Besides the UCB and Bayesian algorithms, a fast machine learning method based on contextual information is proposed to use rough user location and aggregate the received data to learn and continuously adapt to the actual channel environment [56], while a hierarchical beam alignment method exploiting the inherent correlation among beams determines the optimal beam with accelerated BA process and reduced beam training overhead [57].

Compared to the MAB model, it is more sophisticated to model the beam training as a Markov decision process, where Q-learning methods are typically employed. In [58], the estimation of beam steering angle is divided into two phases. In the first phase, Q-learning based beam tracking finds the optimal beam. In the second phase, several beams neighbouring the optimal beam found in the first phase are tested, where the tested beam pair with the largest received signal strength is then selected for the modified auxiliary-beam-pair-based angle estimation. In fact, the Q table in the Q-learning methods can be well approximated by the DNN, which is named as deep Q-network (DQN). In [59], the DQN is used to learn the change of the mmWave communication channels and intelligently train the beams with a low overhead.

IV Channel Estimation

Channel estimation, as the other category of CSI acquisition, aims at accurately estimating the mmWave massive MIMO channels. As shown in Fig. 3, the mainstream channel estimation methods can be divided into three branches, including CS-based sparse channel estimation, array signal processing based channel estimation, and ML-based channel estimation.

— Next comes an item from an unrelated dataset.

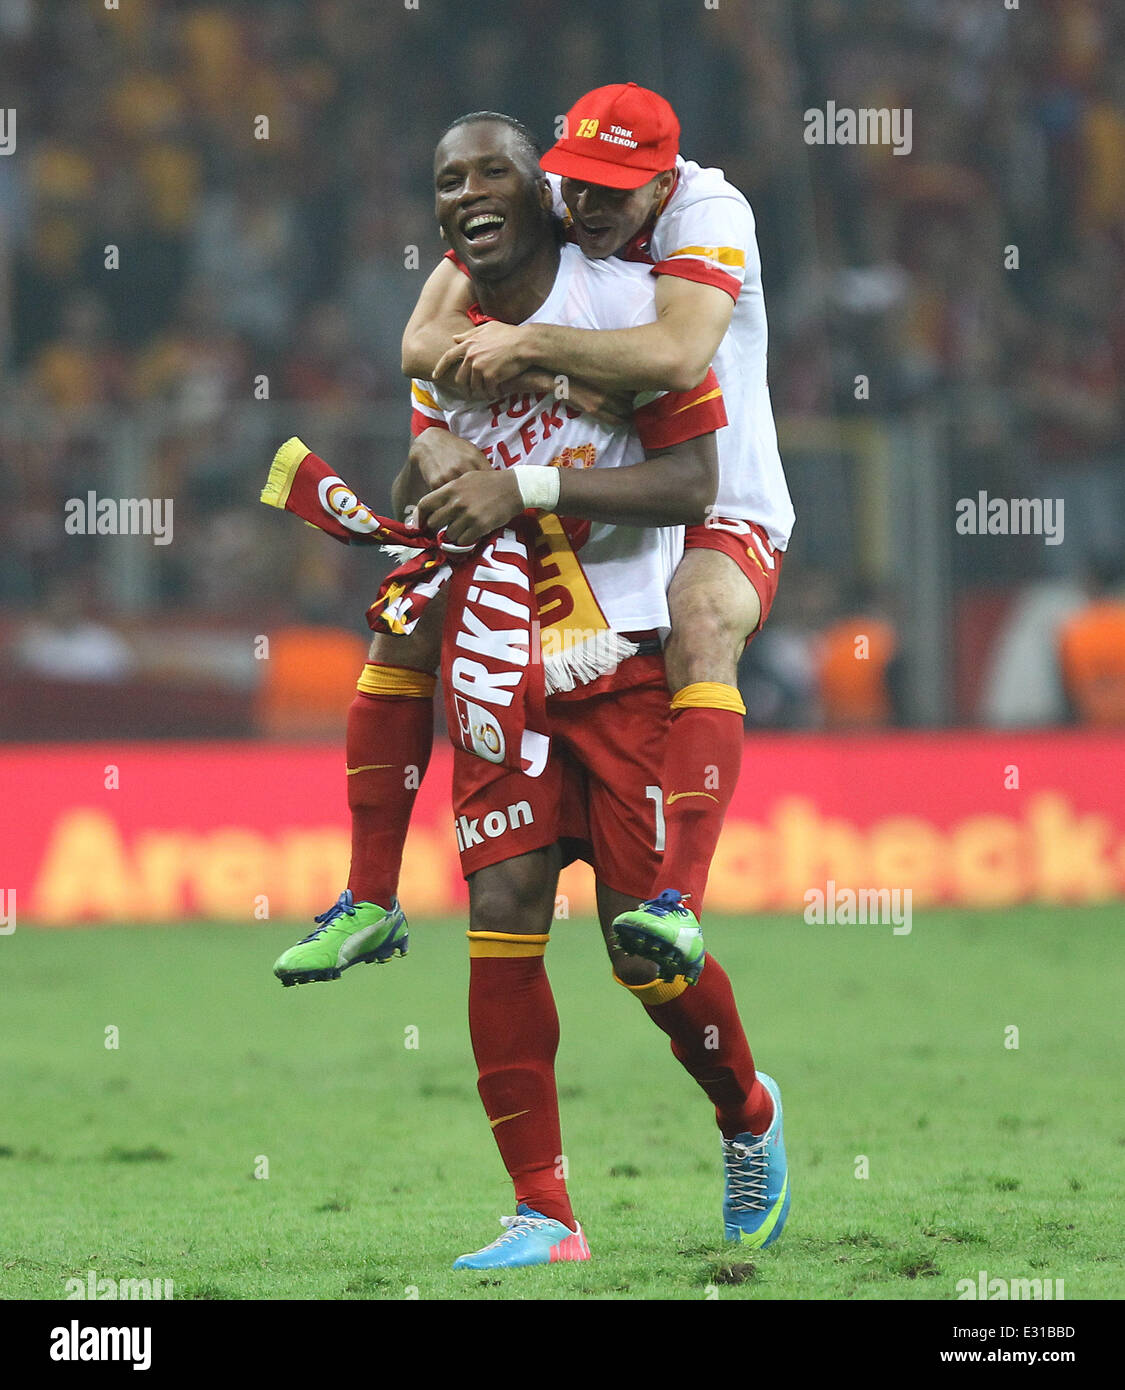 Galatasaray Football club win their 19th Spor Toto Super League title after victory over Sivasspor at Turk Telekom Arena Stadium in Istanbul Match Score: Galatasaray 4 - Sivasspor 2  Featuring: Didier Drogba Where: Istanbul, Turkey When: 05 May 2013 Stock Photo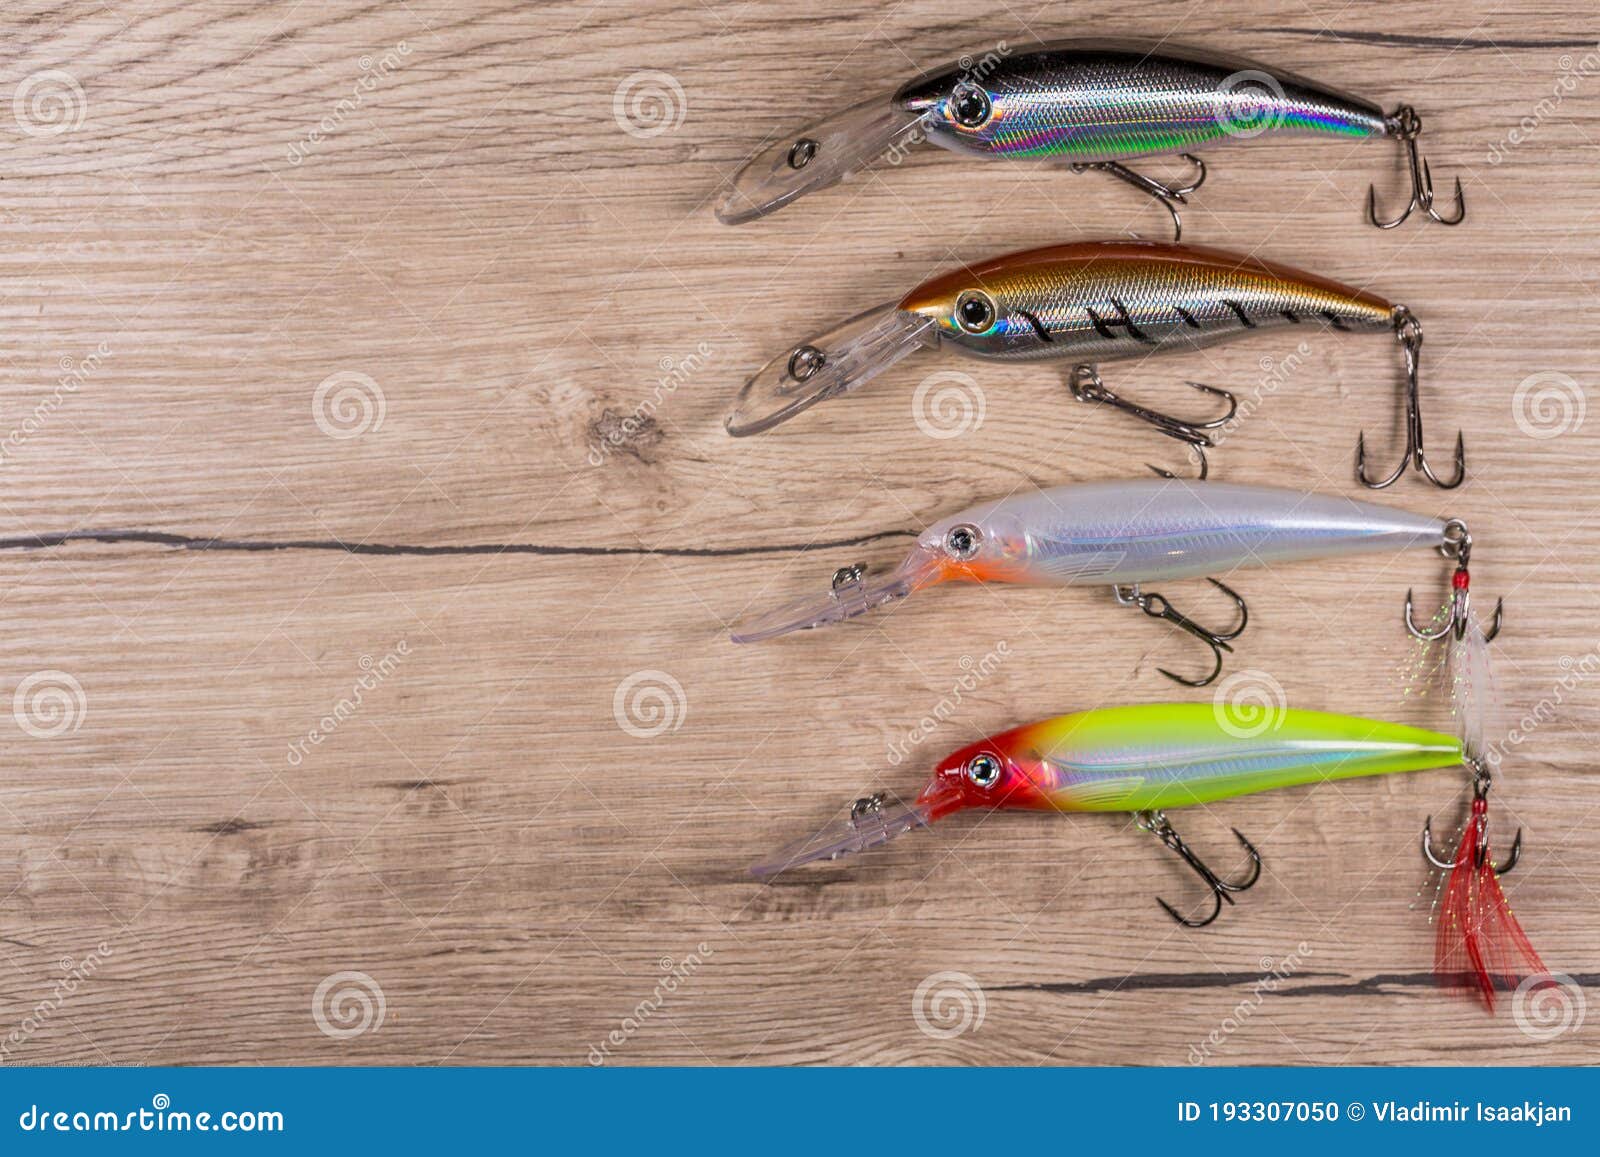 Spinner Lures and Fishing Floats on Wooden Desk Stock Photo

IV-A CS-based Sparse Channel Estimation

Extensive works on channel measurement and modeling have demonstrated that the scattering environment in mmWave frequencies is sparser than its lower frequency counterpart, such as in sub-6 GHz channel. Therefore, we can exploit the channel sparsity by formulating channel estimation as a sparse recovery problem and solve it using the CS algorithms. In general, we first obtain the AoDs/AoAs and then estimate the channel gains. Denote $\mathbf{z}$ as a sparse vector, where its locations and values of the non-zero entries indicate the quantized AoDs and AoAs and path gains, respectively. The performance loss caused by the quantization error proves to be minor with a fine-grain enough candidate set for AoDs and AoAs [60]. Due to the channel sparsity, the number of non-zero entries in $\mathbf{z}$ is much smaller than its dimension.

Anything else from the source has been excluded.